__WORK REQUEST__.
Produce an exact copy of all the data below, dropping every image.

__STORED DATA__.
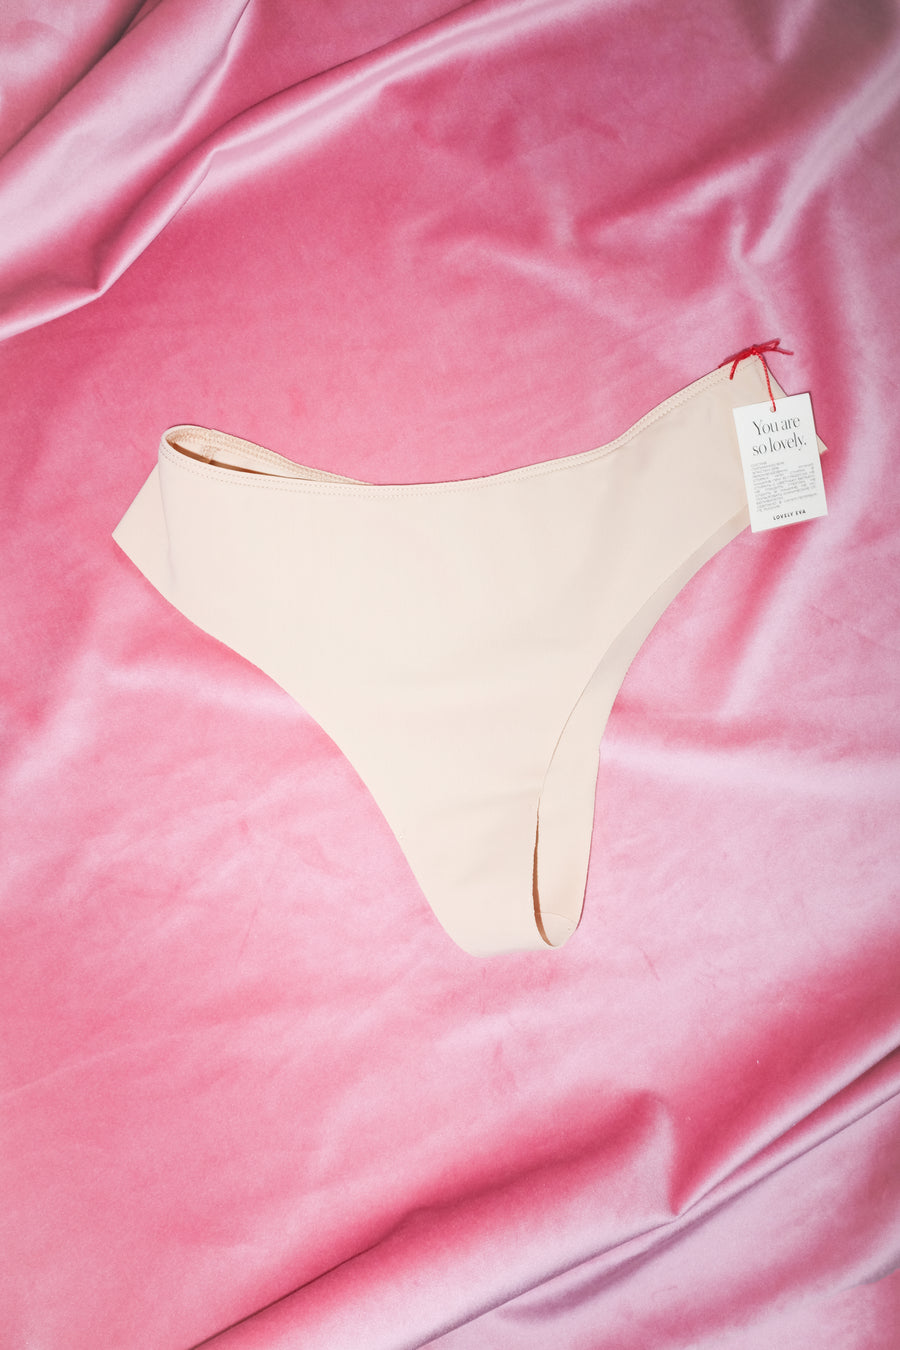 🎁 Set of underwear N3. Single strap bra and thong panties
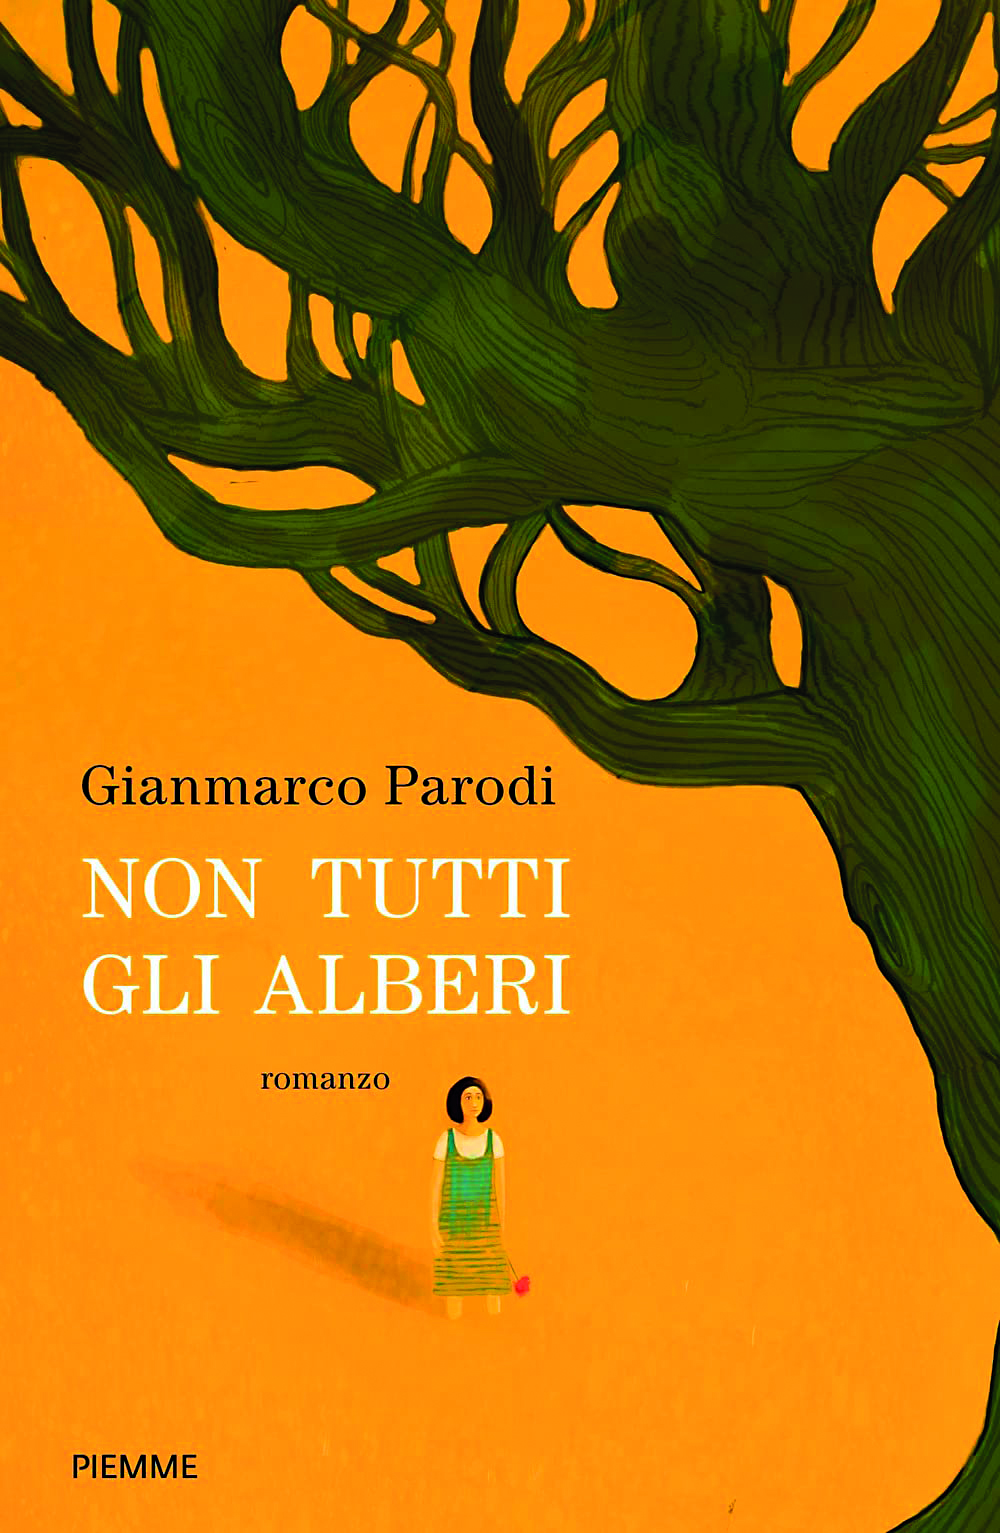 Gianmarco Parodi e il suo libro, un’avventura che parte da Sanremo
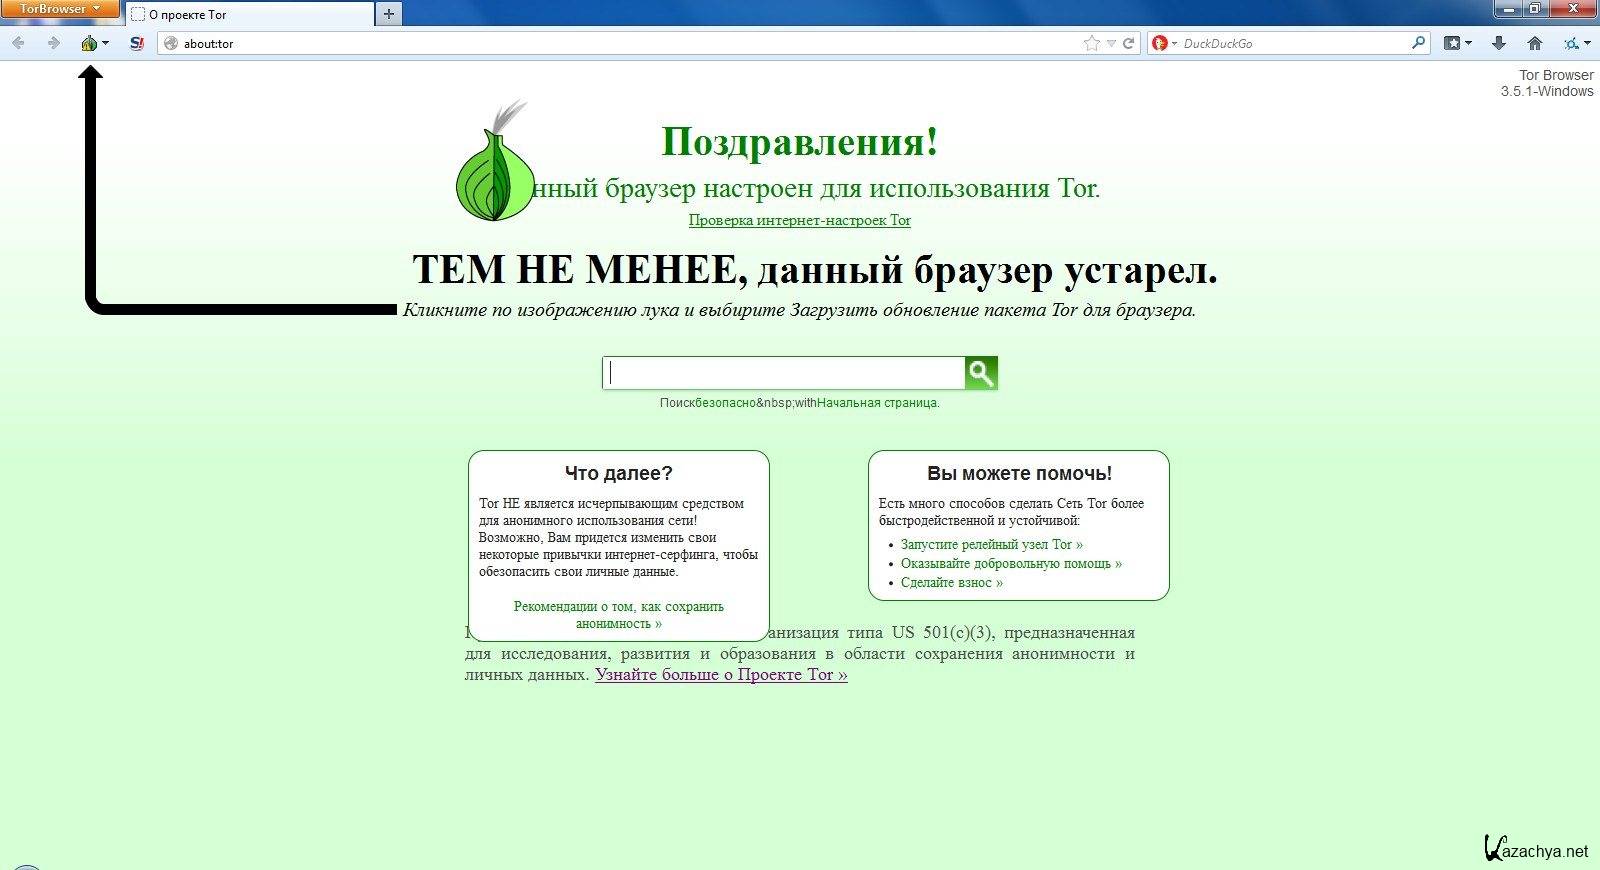 скачать тор браузер бесплатно на русском языке для windows 7 через торрент даркнет

__WORKED SOLUTION__.
 🎁 Set of underwear N3. Single strap bra and thong panties
 Gianmarco Parodi e il suo libro, un’avventura che parte da Sanremo
 скачать тор браузер бесплатно на русском языке для windows 7 через торрент даркнет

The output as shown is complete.